Recorded information
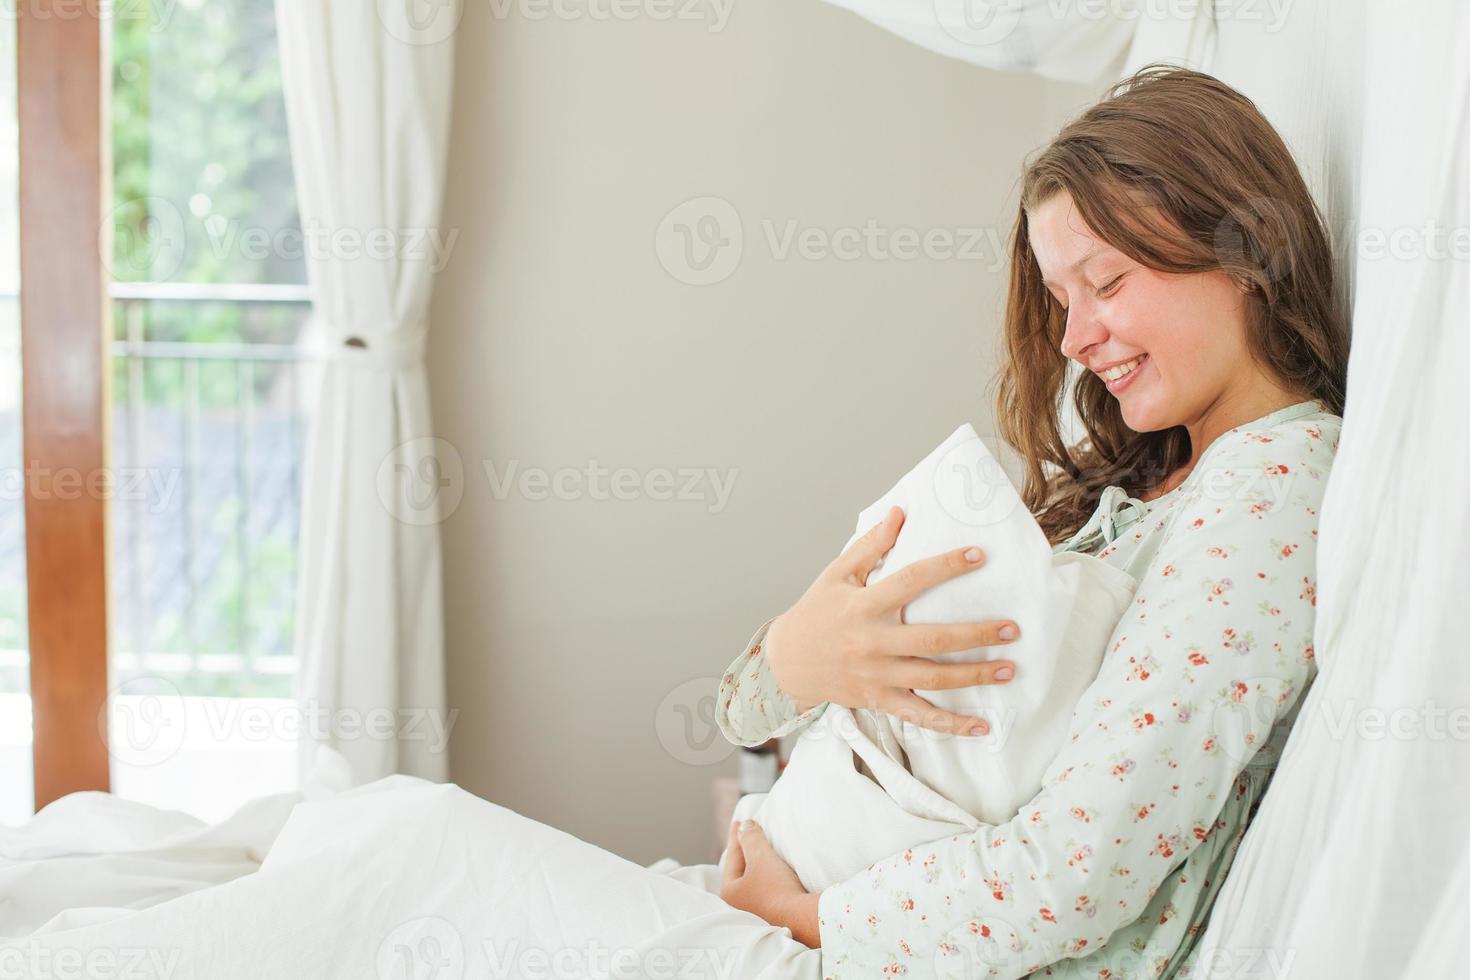 donna seduta sul letto con il suo bambino appena nato foto
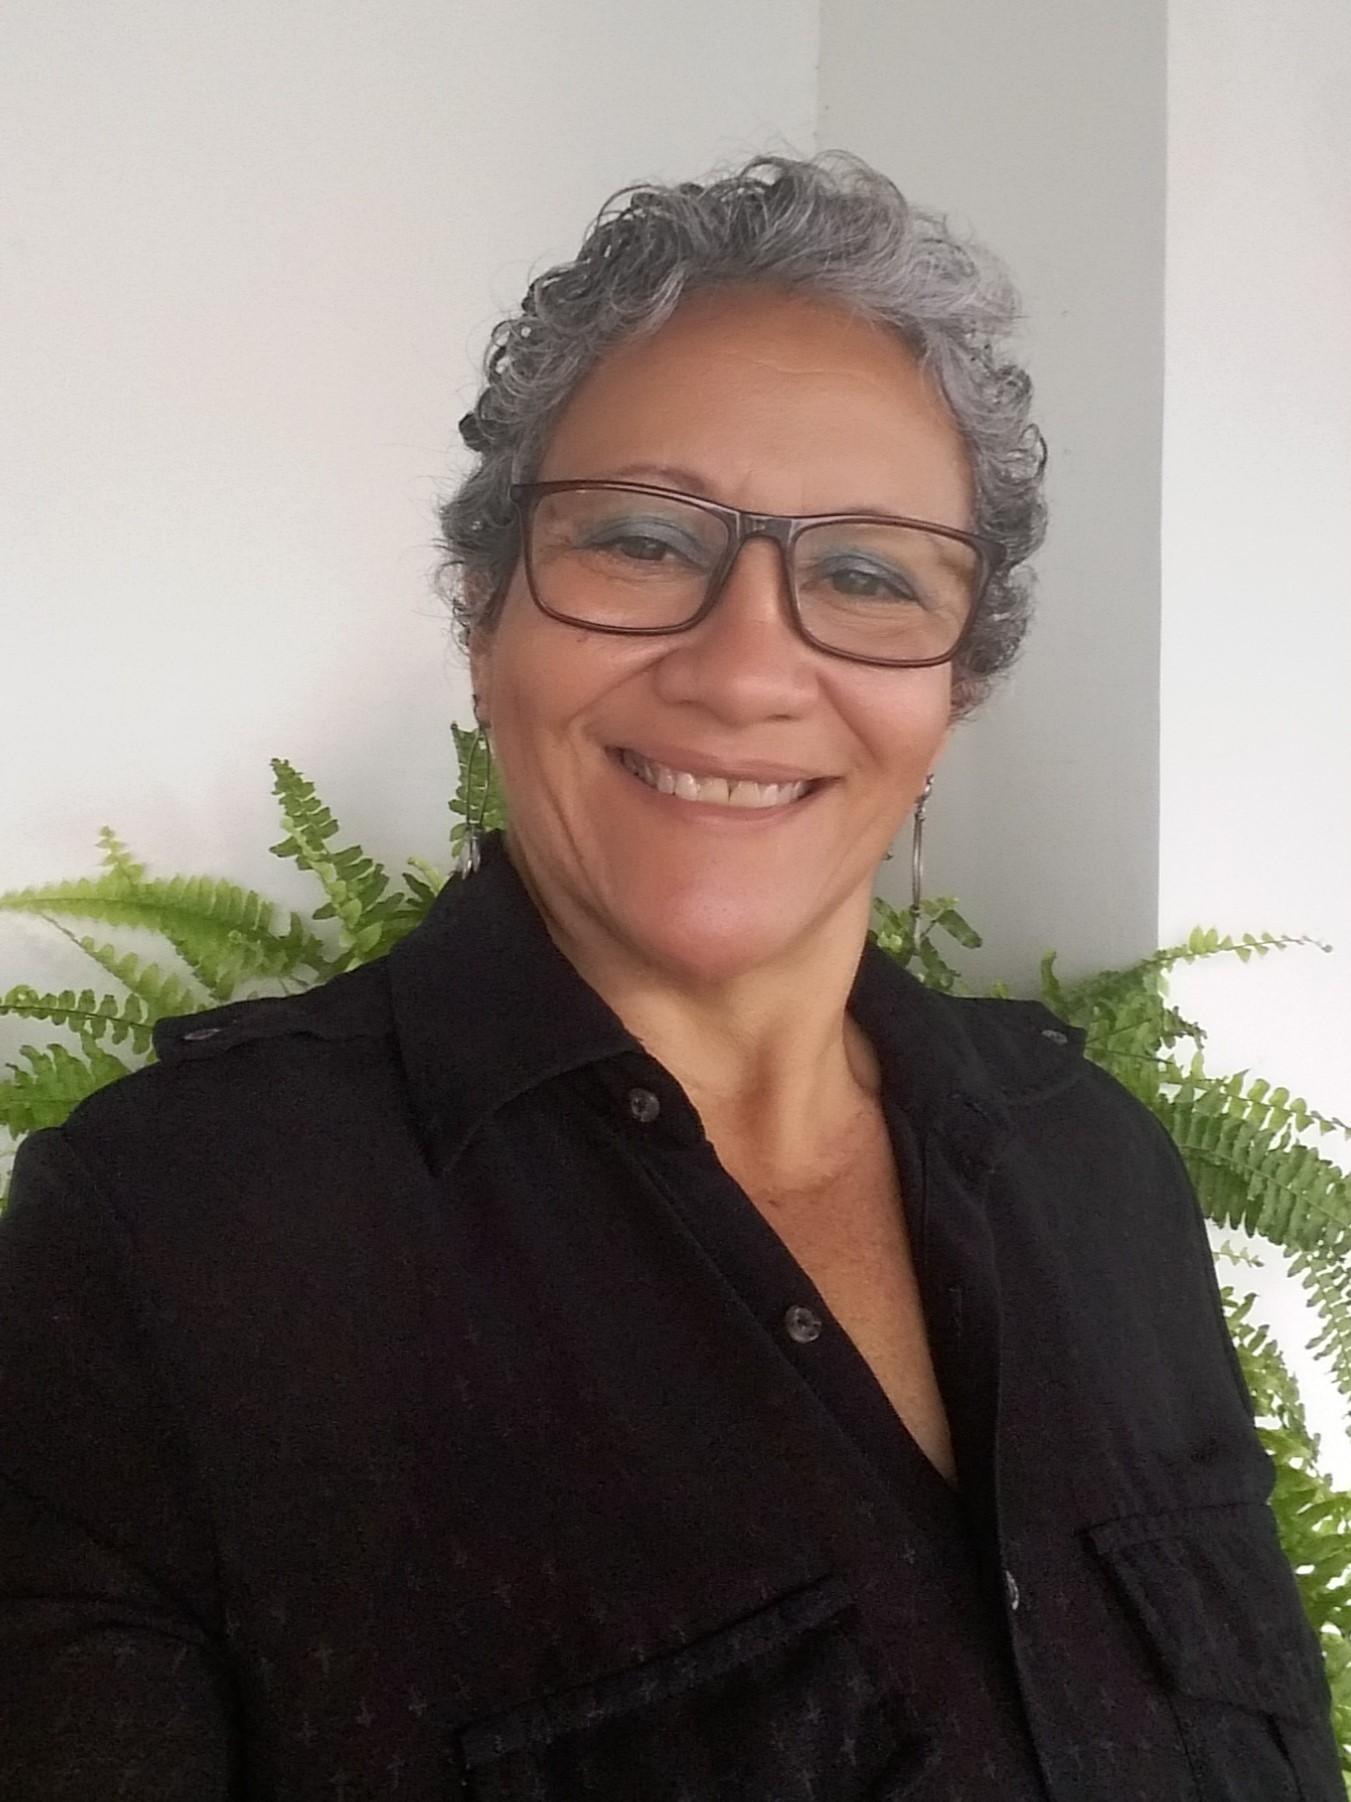 Eliana Bárbara Guimarães da Cruz
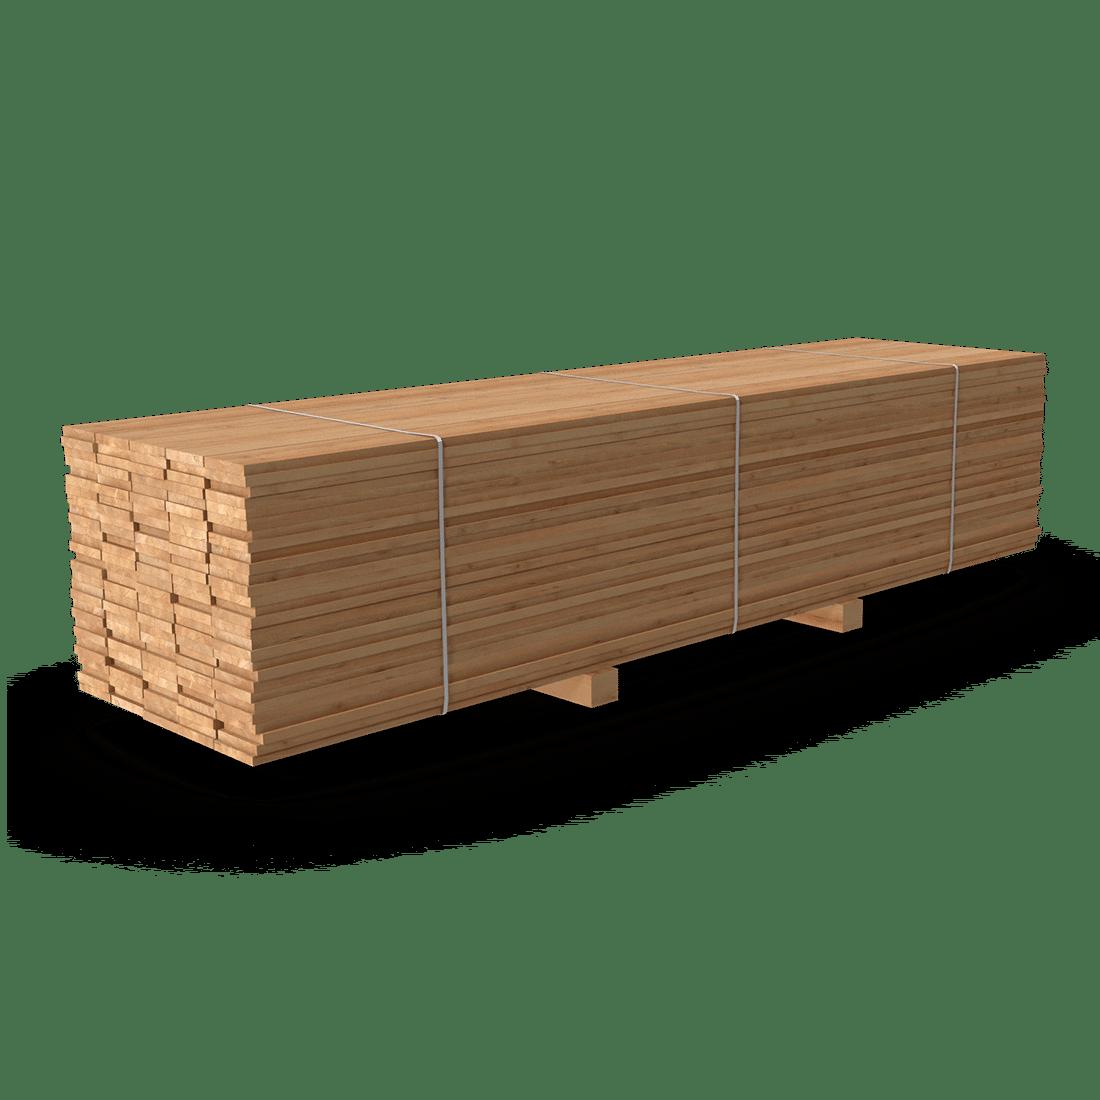 wooddd
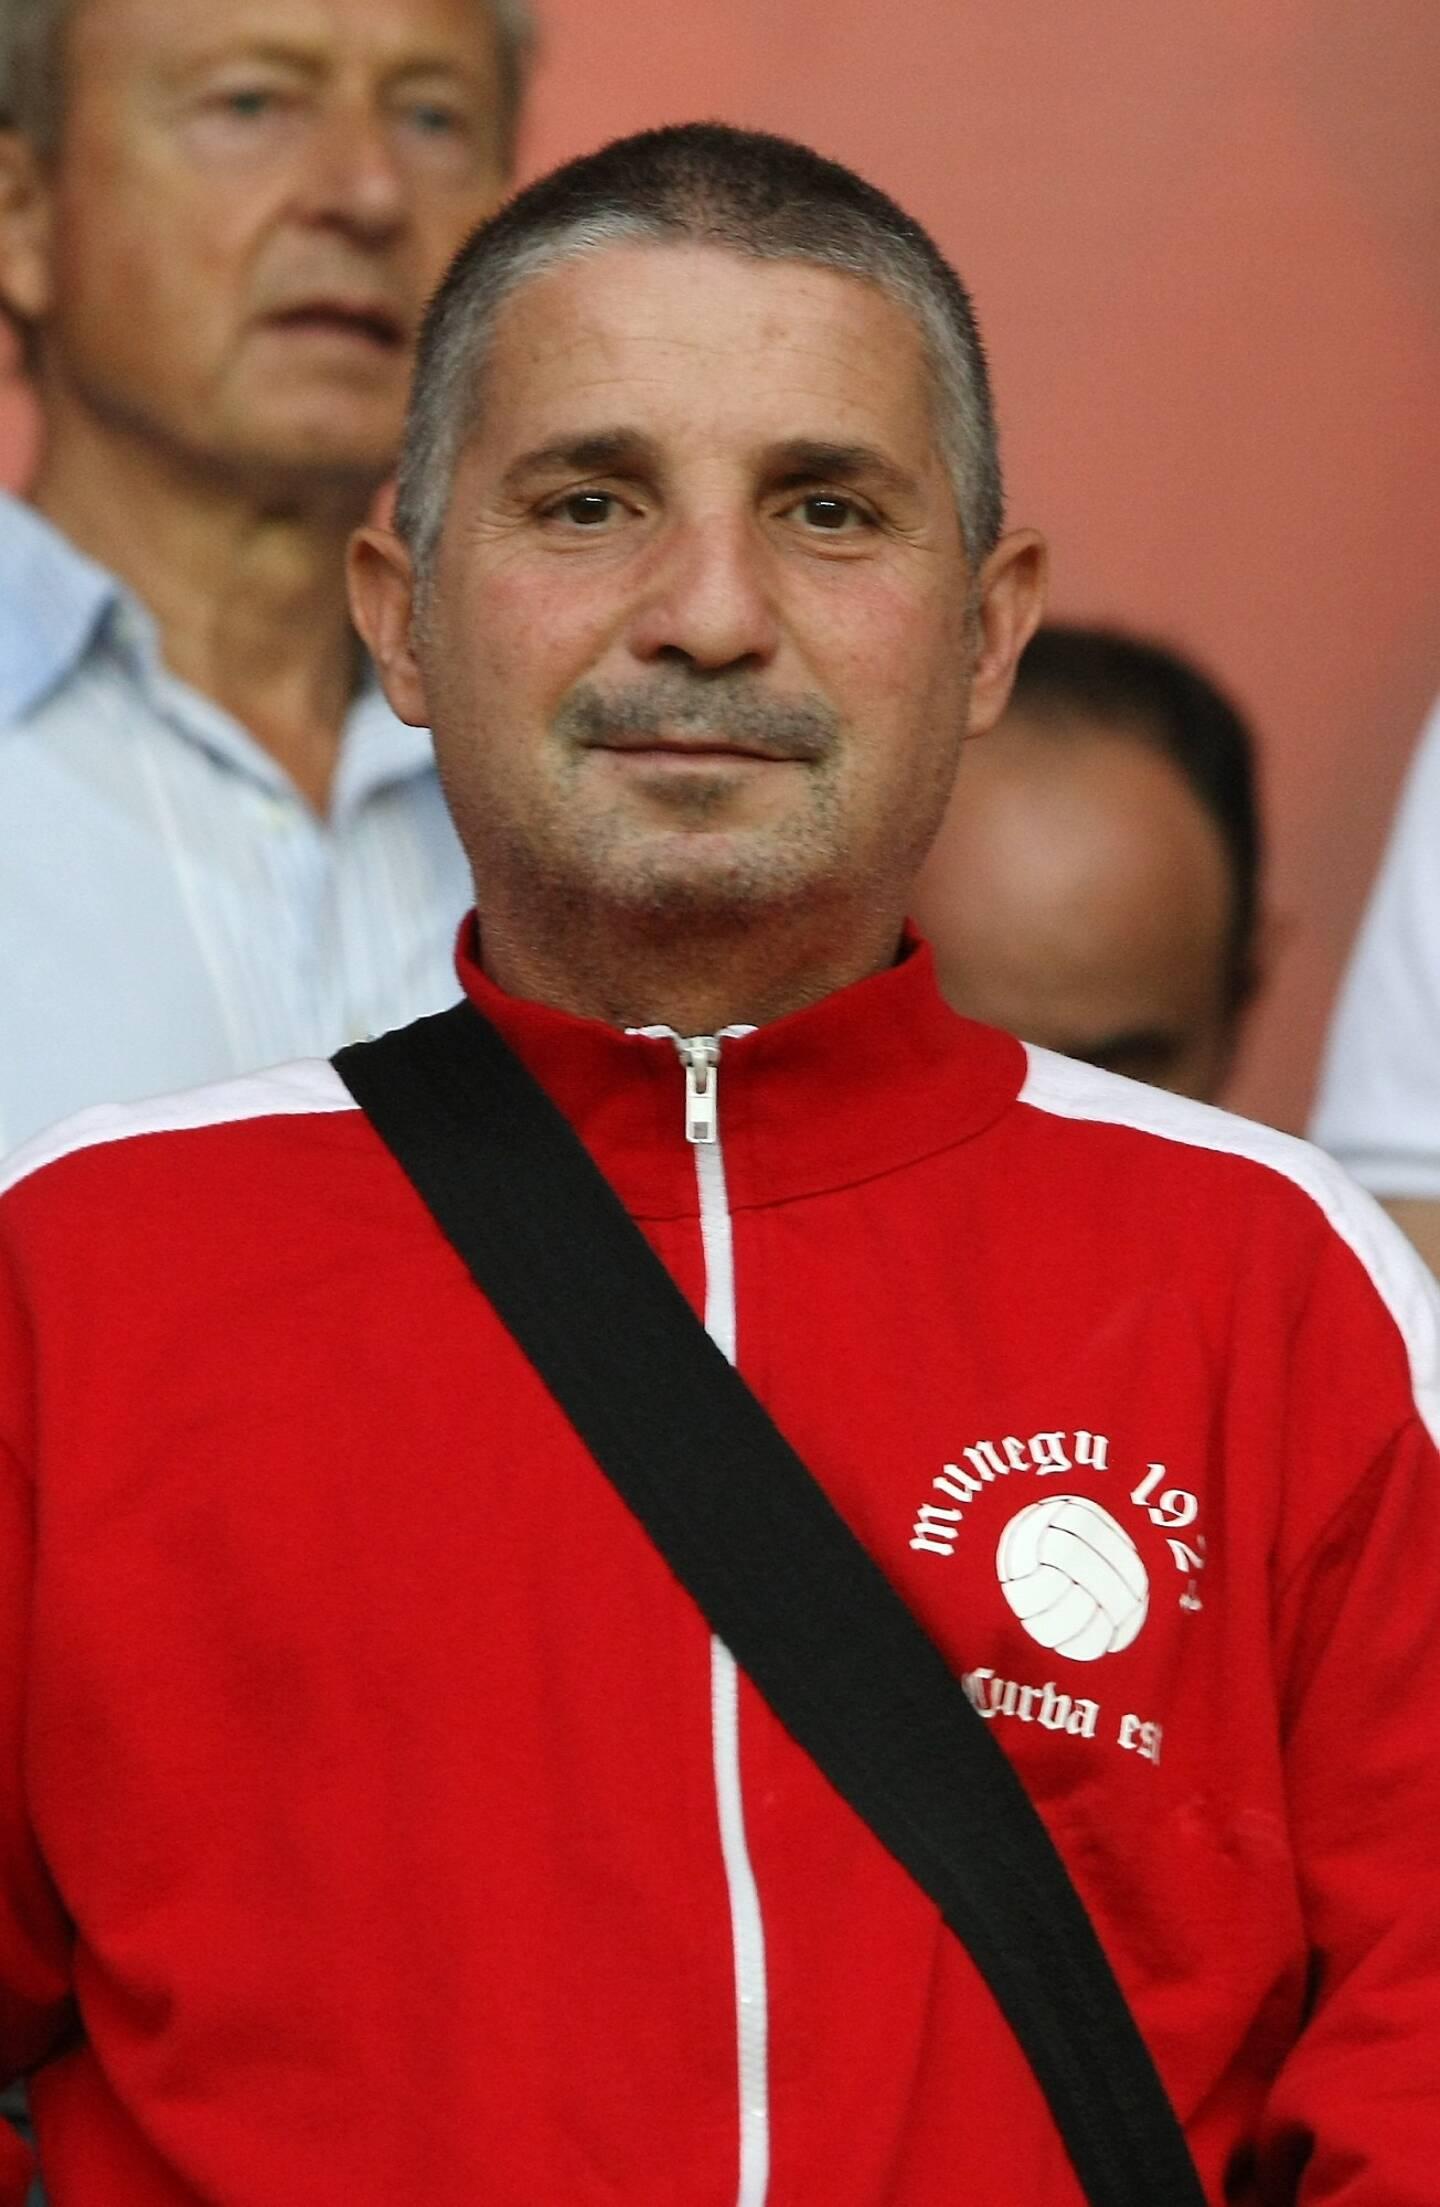 Jean-Paul Chaude s'est éteint ce dimanche soir. Il était le président du Club des supporters de Monaco depuis 2012.

Instructions to follow
From start to finish, output the listing exactly, but omit its pictures.

Answer for the task
 donna seduta sul letto con il suo bambino appena nato foto
 Eliana Bárbara Guimarães da Cruz
 wooddd
 Jean-Paul Chaude s'est éteint ce dimanche soir. Il était le président du Club des supporters de Monaco depuis 2012.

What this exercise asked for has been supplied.